What the task asks: Examine the entries below, count the lines holding the string "Alternate", and respond with the number only.

-.-.-

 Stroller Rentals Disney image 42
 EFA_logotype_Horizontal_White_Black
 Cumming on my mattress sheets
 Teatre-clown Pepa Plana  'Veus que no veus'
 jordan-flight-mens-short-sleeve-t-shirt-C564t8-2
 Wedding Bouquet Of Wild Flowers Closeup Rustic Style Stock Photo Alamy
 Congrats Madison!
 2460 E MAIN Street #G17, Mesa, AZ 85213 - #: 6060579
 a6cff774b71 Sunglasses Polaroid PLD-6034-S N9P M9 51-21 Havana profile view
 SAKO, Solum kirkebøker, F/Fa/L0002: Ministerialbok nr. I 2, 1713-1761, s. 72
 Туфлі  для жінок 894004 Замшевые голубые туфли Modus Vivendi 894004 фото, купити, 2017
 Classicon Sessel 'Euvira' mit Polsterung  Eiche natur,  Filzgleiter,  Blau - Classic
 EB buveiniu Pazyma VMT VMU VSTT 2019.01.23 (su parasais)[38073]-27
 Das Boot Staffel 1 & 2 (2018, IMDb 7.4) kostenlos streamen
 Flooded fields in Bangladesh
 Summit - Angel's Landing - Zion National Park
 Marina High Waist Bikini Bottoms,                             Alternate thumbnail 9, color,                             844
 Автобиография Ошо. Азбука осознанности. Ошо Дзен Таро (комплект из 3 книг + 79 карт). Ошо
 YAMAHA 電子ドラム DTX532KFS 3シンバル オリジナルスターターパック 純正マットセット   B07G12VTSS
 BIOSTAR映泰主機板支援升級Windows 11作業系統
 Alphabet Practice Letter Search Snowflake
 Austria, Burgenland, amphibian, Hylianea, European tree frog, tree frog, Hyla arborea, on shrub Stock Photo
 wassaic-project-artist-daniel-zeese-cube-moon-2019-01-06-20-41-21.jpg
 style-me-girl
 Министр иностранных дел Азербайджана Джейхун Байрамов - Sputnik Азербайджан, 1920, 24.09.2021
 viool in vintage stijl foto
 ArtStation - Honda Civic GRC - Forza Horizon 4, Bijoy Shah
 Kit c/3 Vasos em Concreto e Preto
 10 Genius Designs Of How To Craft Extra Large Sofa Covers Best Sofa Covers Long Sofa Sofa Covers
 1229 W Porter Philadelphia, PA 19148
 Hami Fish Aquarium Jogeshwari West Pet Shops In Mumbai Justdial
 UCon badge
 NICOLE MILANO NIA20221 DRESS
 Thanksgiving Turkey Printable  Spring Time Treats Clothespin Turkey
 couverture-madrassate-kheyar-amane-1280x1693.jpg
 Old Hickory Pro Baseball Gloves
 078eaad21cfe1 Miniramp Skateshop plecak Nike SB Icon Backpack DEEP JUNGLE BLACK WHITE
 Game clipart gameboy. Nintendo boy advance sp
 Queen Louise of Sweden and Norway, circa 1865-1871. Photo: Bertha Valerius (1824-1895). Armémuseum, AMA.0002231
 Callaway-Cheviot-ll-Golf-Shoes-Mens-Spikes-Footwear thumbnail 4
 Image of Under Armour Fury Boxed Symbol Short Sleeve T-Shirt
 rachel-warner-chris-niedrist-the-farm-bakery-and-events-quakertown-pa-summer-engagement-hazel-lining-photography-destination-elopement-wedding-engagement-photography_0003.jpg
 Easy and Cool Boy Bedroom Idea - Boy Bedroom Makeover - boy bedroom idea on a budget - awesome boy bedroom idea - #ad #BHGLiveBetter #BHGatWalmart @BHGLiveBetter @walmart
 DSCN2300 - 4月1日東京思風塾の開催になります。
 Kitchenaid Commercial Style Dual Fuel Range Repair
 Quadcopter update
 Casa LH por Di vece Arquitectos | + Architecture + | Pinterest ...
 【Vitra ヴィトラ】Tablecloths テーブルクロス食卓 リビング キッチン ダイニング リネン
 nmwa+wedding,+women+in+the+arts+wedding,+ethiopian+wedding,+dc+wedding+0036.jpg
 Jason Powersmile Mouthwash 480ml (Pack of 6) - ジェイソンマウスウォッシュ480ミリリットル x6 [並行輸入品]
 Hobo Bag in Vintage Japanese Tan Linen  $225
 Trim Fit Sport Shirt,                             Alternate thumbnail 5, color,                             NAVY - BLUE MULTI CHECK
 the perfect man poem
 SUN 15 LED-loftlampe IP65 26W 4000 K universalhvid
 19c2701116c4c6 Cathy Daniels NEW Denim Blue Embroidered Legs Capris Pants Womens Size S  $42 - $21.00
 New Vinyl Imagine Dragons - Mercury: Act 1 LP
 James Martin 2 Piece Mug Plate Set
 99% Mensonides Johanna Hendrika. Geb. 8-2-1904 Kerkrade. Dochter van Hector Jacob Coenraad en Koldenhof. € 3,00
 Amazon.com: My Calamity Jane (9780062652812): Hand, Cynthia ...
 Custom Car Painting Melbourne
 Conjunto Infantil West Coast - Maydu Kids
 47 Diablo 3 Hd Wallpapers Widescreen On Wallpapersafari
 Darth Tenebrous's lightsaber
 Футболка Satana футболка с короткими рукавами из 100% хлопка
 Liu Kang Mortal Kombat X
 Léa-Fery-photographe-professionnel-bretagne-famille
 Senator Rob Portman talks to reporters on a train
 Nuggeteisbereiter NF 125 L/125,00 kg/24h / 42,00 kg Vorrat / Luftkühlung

-.-.-

Solution for this problem: 2